What is expected:
Could you restate word for word the lines running from the one with "The indoor/outdoor living" to the end of the data, both ends included, but without pictures?

Recorded information:
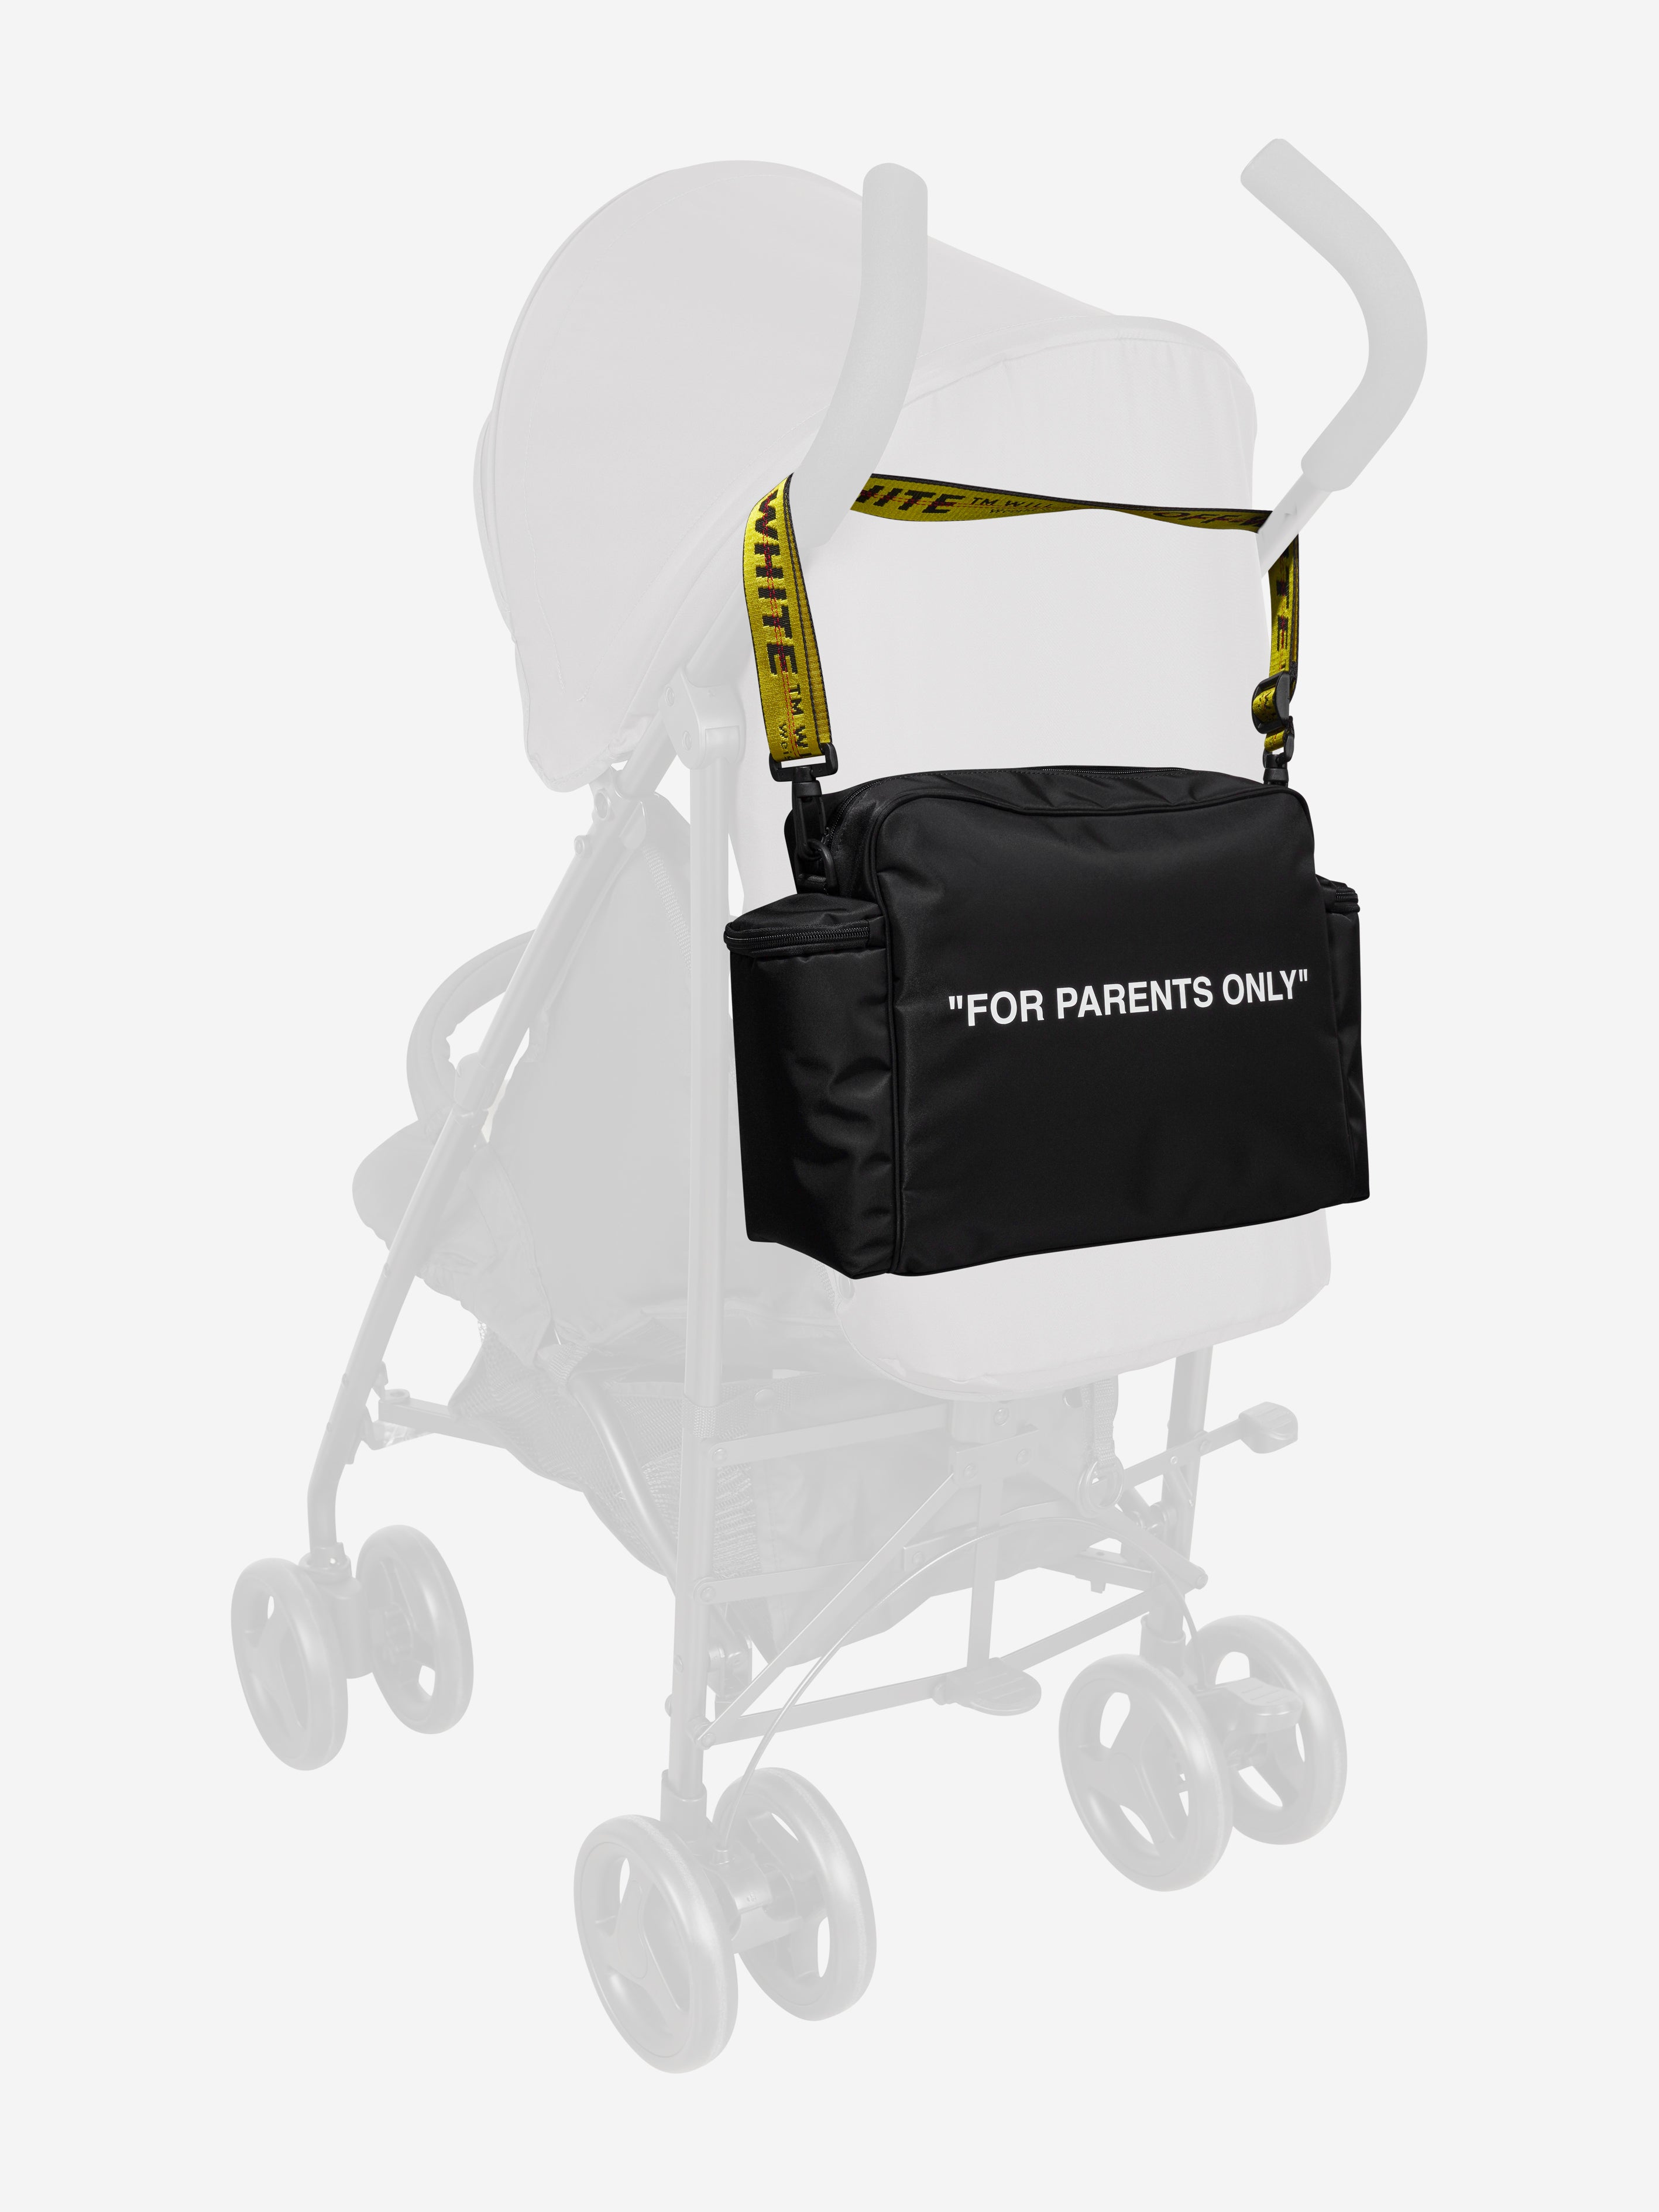 For Parents Only Mama Bag - Black/Yellow – Feature
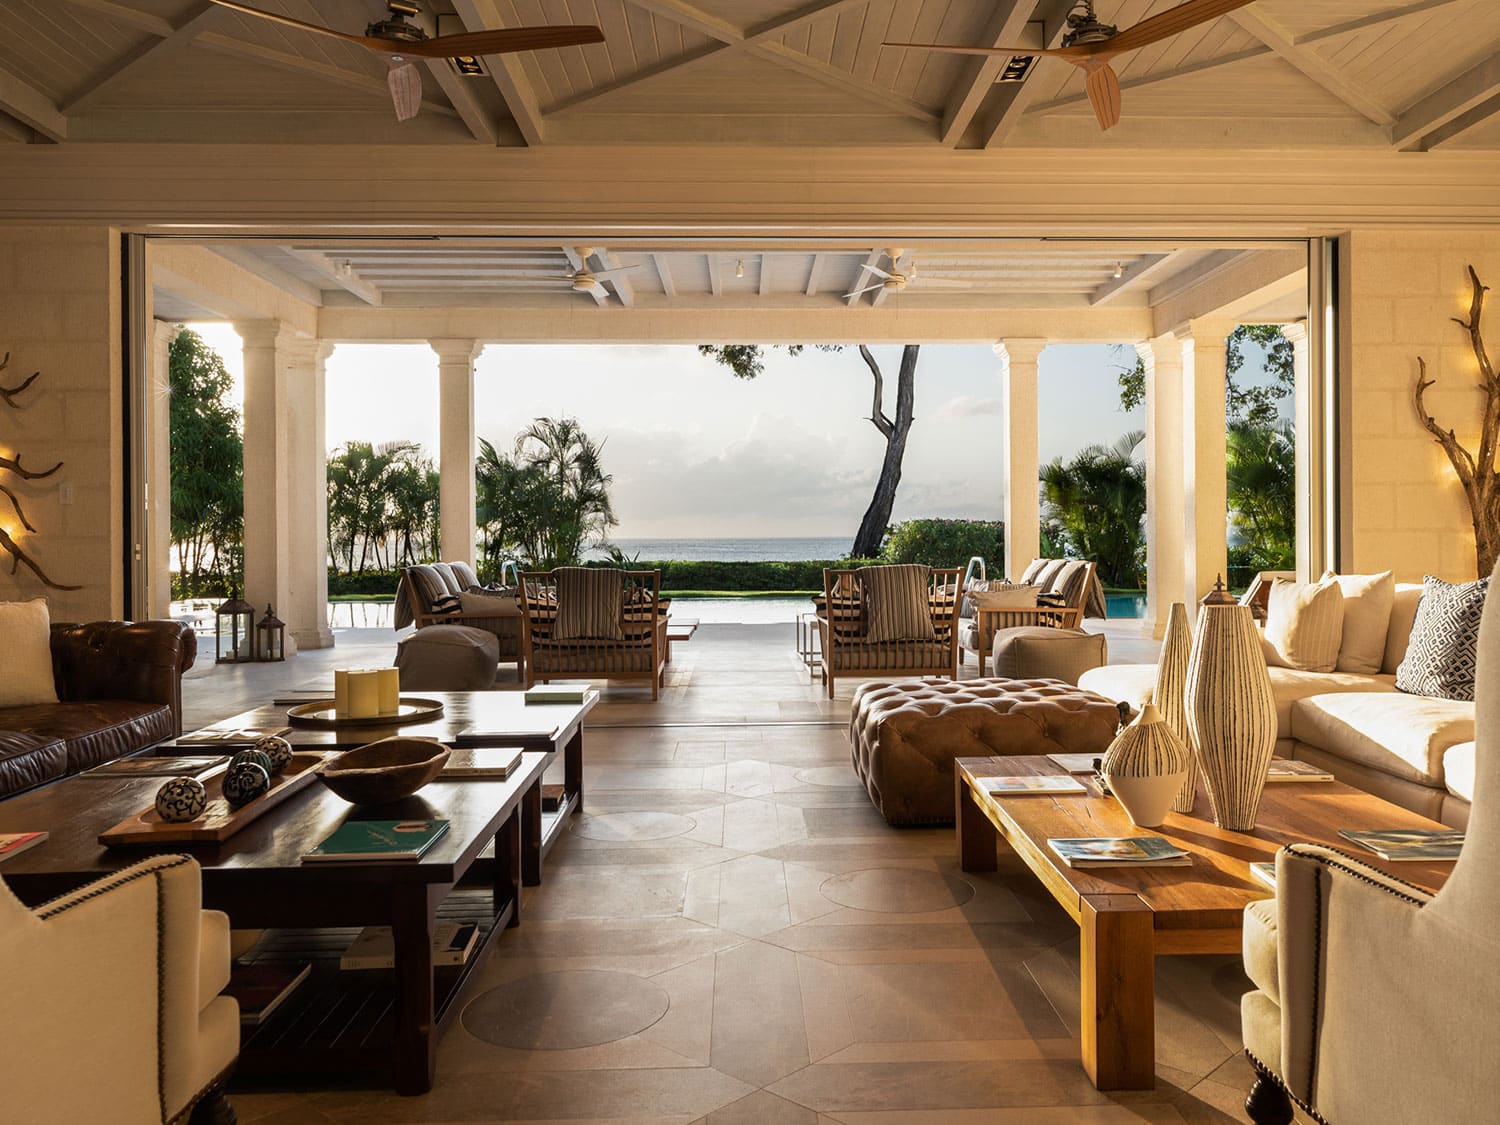 The indoor/outdoor living space at the Villa Tamarindo rental property in the Caribbean island of Barbados.
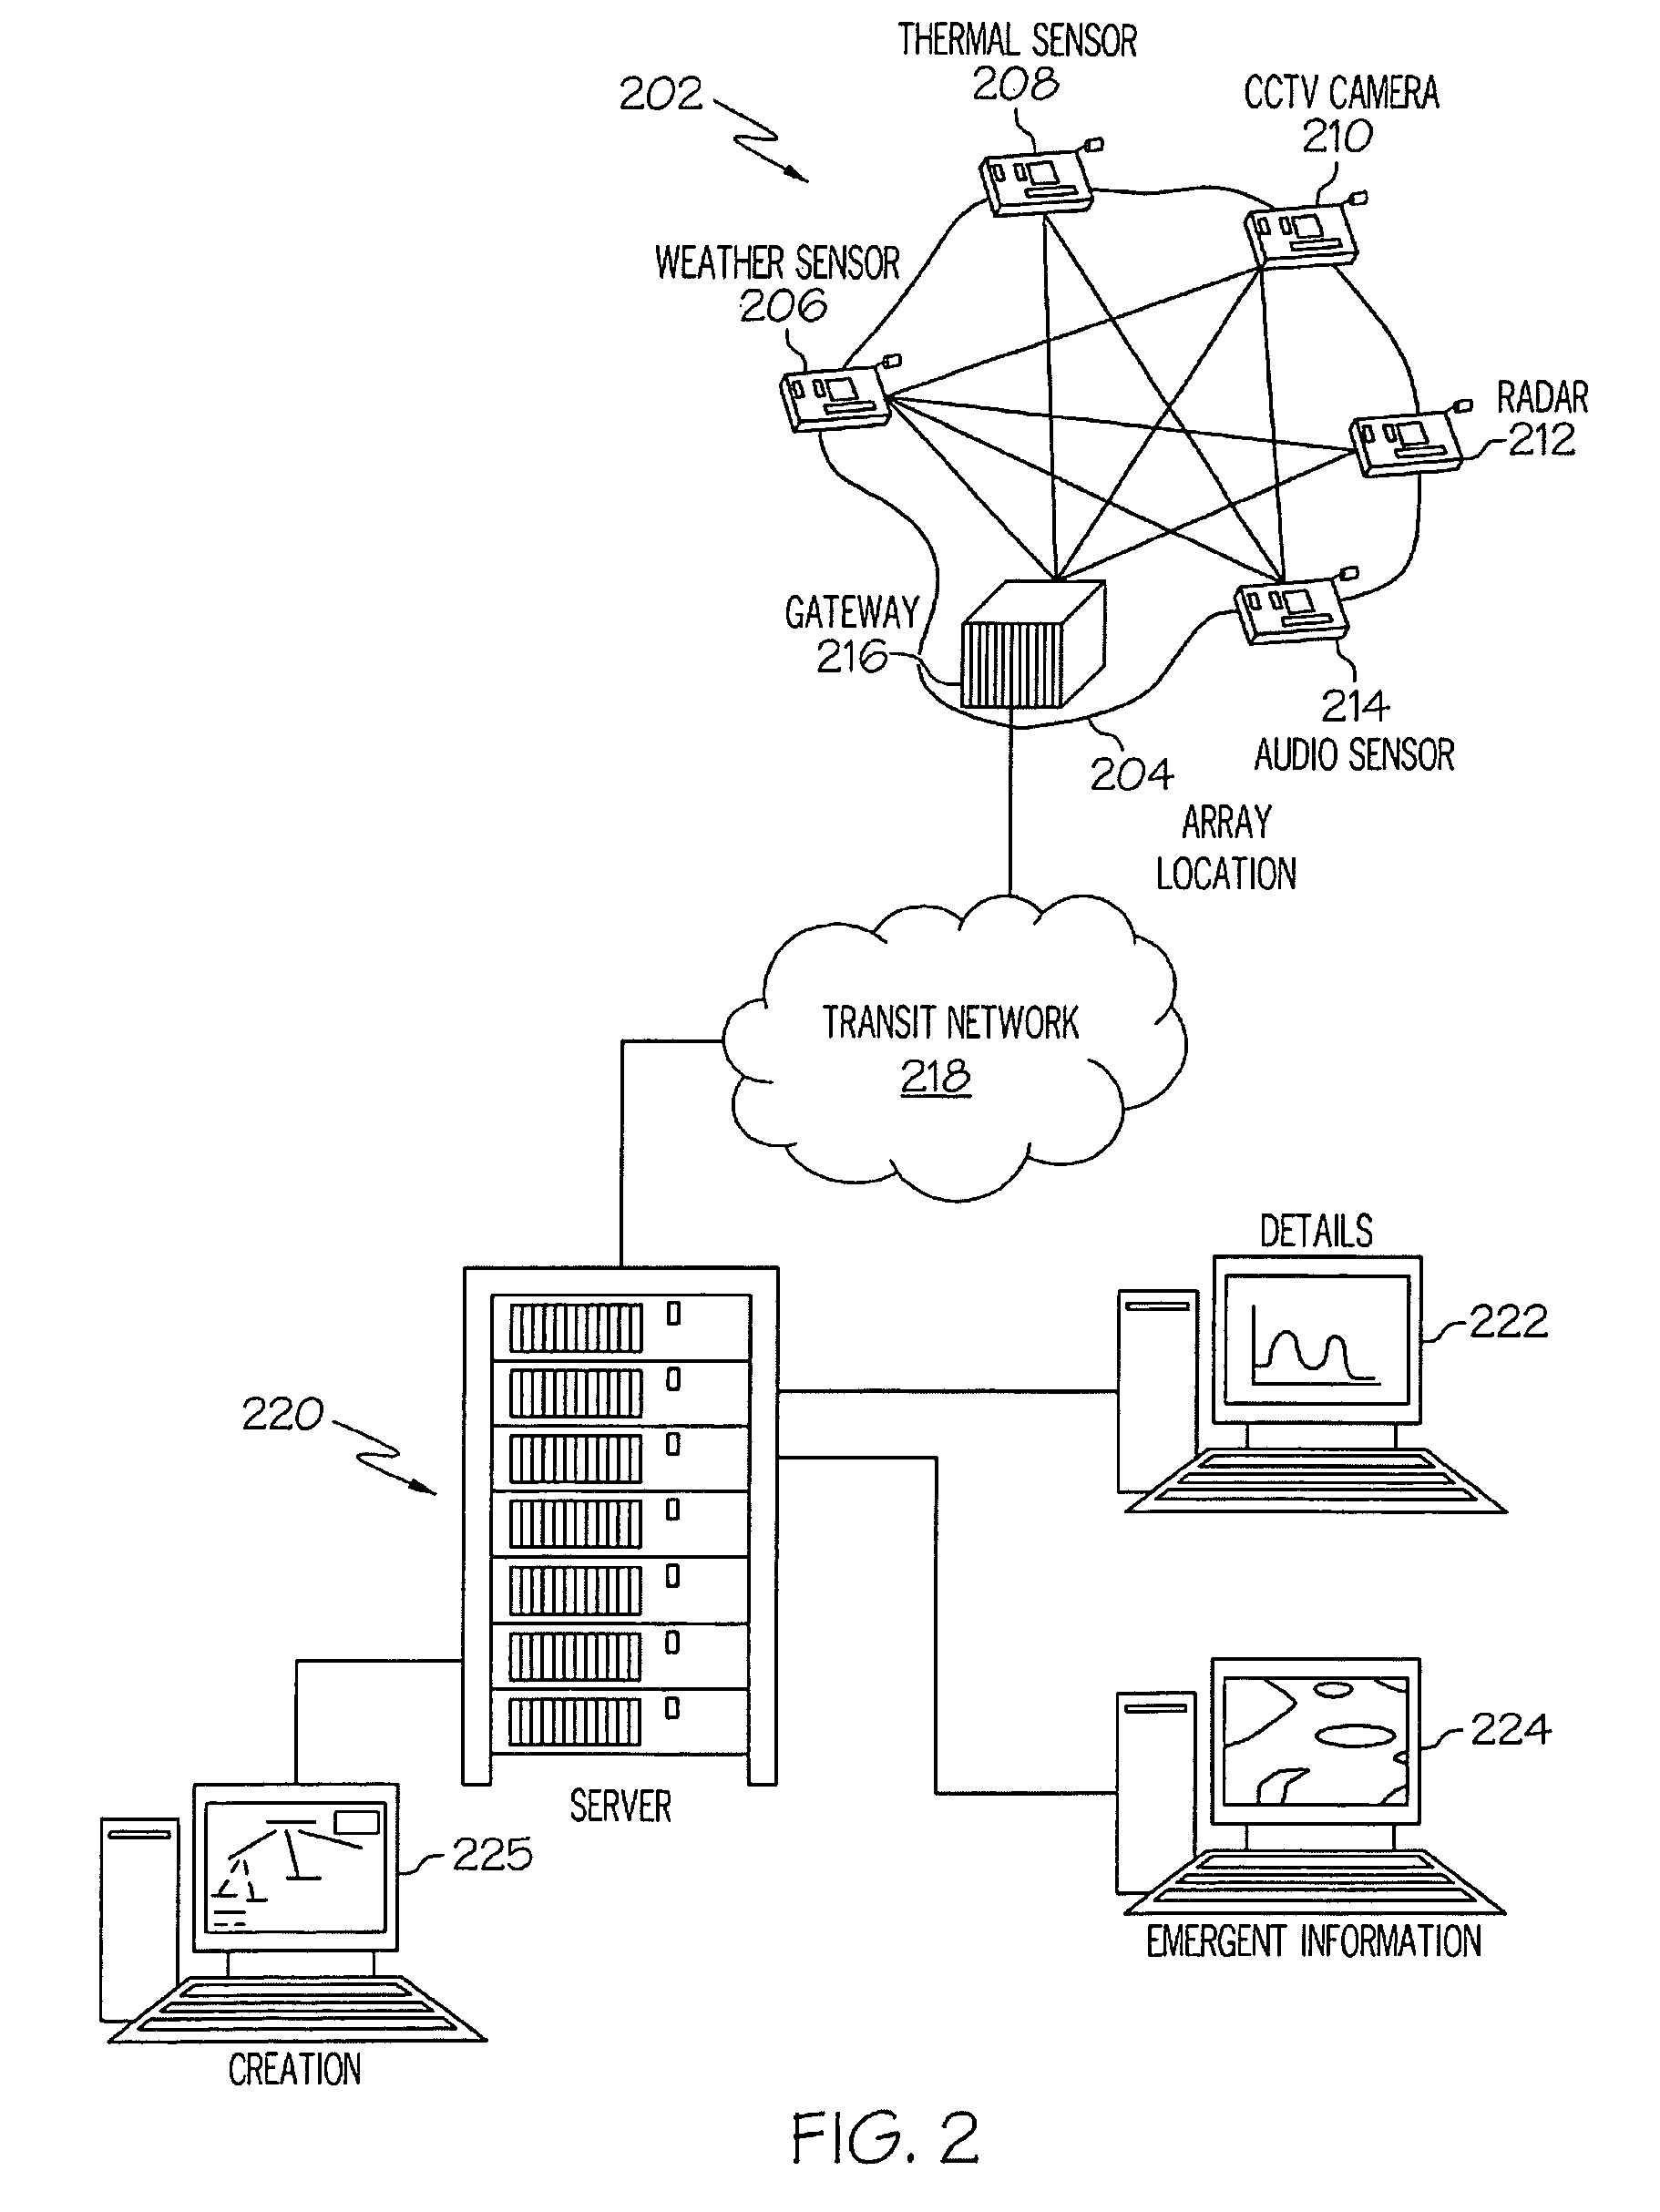 Data pattern generation, modification and management utilizing a semantic network-based graphical interface

Response to this task:
 The indoor/outdoor living space at the Villa Tamarindo rental property in the Caribbean island of Barbados.
 Data pattern generation, modification and management utilizing a semantic network-based graphical interface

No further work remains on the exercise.